Although the association between diet and telomere maintenance is currently under investigation, recent human studies indicate that specific dietary components may be considered a potential nutritional tool for preserving TL throughout the lifespan [11,12]. Given that the TL is affected by an inflammatory/oxidative status, it follows that a higher intake of antioxidant-rich foods and/or greater adherence to an anti-inflammatory diet may play a role in telomere maintenance and influence the overall health and longevity [13,14]. Indeed, current epidemiological and clinical data showed that higher consumption of vegetables, fruits, nuts, legumes, and seaweed is associated with longer TL [15,16,17]. These foods provide a range of bioactive compounds affecting endogenous antioxidant response, anti-inflammatory pathways and, at least in part, telomere maintenance [18,19,20].

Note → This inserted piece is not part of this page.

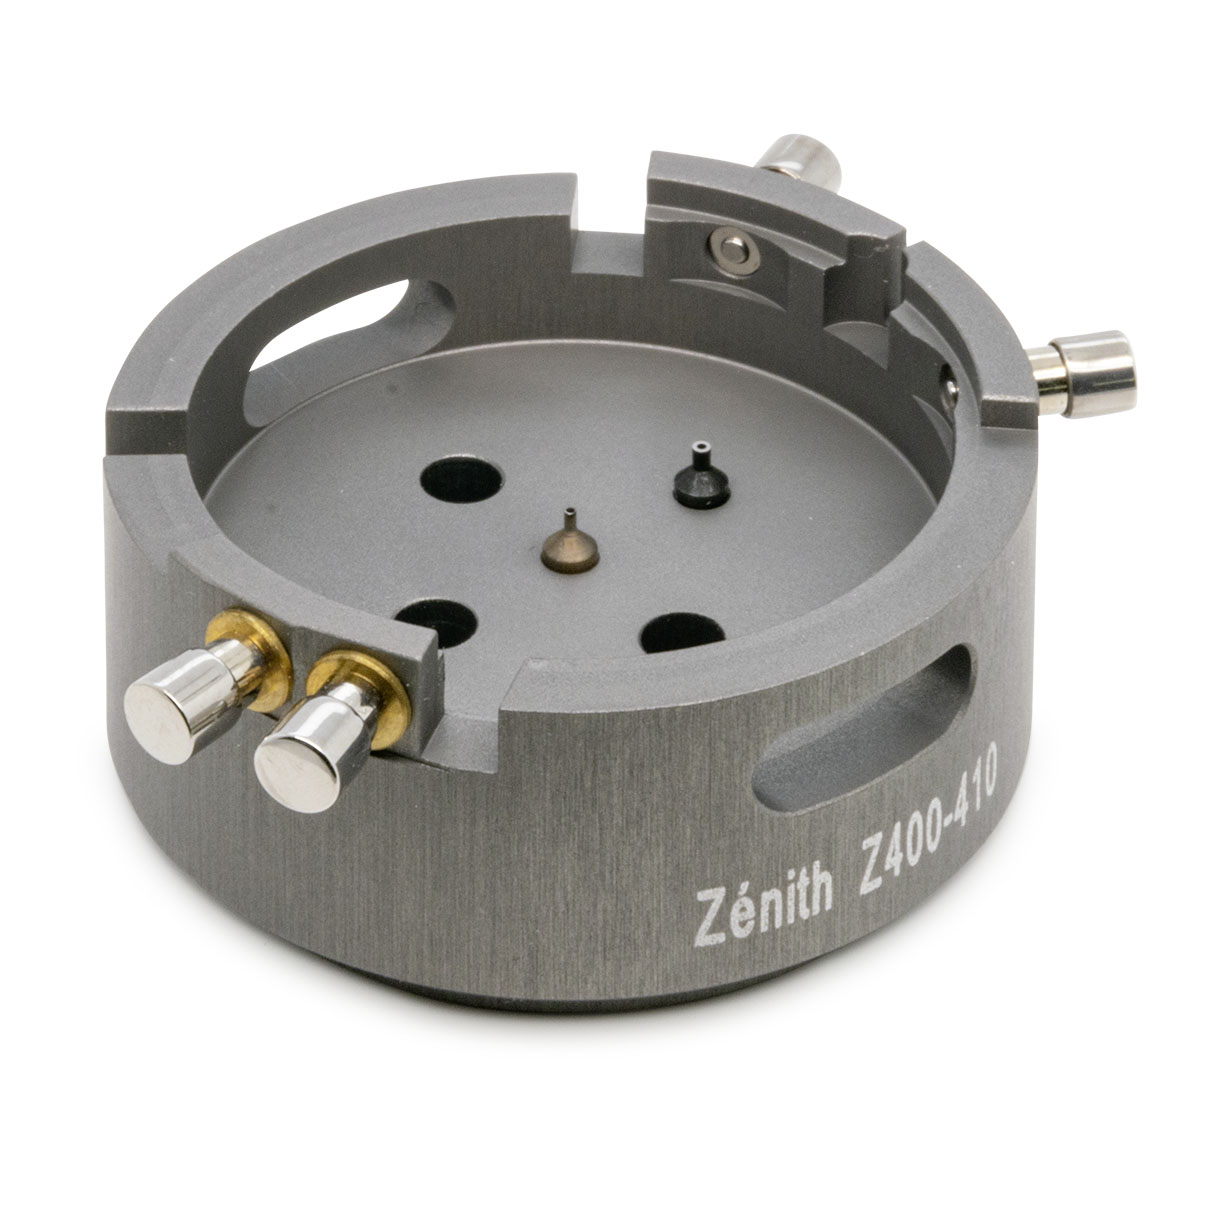 Porte-pièce pour poser les aiguilles pour calibre Zénith Z400-410-420 RV

During the last three decades, omega-3 (ω-3) polyunsaturated fatty acids (PUFAs) have attracted increasing interest because of their various roles in disease risk reduction. They are essential dietary nutrients, existing in many different forms primarily from marine sources, fish oil supplements, and certain plant sources. However, eicosapentaenoic acid (EPA; 20:5ω-3) and docosahexaenoic acid (DHA; 22:6ω-3) have been most widely investigated with regard to their health benefits [21]. The influence of ω-3 PUFAs on the inflammatory responses has been widely reported. These fatty acids can attenuate many mechanisms associated with inflammation, including inhibition of pro-inflammatory transcription factors, leucocyte chemotaxis, and eicosanoid production [22]. Likewise, the impact of ω-3 PUFAs on oxidative stress parameters has been evaluated in several studies. Supplementation with omega-3 PUFAs improved malondialdehyde (MDA), total antioxidant capacity (TAC), and glutathione peroxidase (GPx) activity in different clinical conditions [23].

To our knowledge, no study has reviewed meta-analytically the evidence concerning the clinical effect of ω-3 PUFAs on the TL. Therefore, this meta-analysis assesses whether ω-3 PUFAs administration can modulate the TL in clinical trials.

Methods

Search strategy

The search strategy, screening, and selection criteria were developed according to the Preferred Reporting Items for Systematic Reviews and Meta-Analysis (PRISMA) Statement [24]. A literature search was conducted in the following databases: PubMed, Web of Sciences, Scopus, and the Cochrane Library. Clinical studies assessing the effect of ω-3 PUFAs on TL, published up to 15 November 2021, were included in the review. Articles were excluded from the review for the following reasons: studies not published in English; articles that used secondary data; studies on animal models or in vitro experiments; observational studies; and studies in individuals younger than 18 years of age.

A comprehensive systematic literature search was conducted using both controlled vocabulary and free text terms. Using Boolean operators, we combined the following terms: “polyunsaturated fatty acids” OR “pufa” OR “unsaturated fatty acid” OR omega-3” OR “n-3” OR “n3” OR “ω-3” “docosahexaenoic acid” OR “DHA” OR “eicosapentaenoic acid” OR “EPA” OR “alpha linolenic acid” OR “ALA” AND “telomere” OR “telomeric” OR “telomere shortening” OR “telomere homeostasis” OR “telomere length” OR “telomere length maintenance” OR “telomere maintenance”. Similar queries were used for controlled vocabulary search.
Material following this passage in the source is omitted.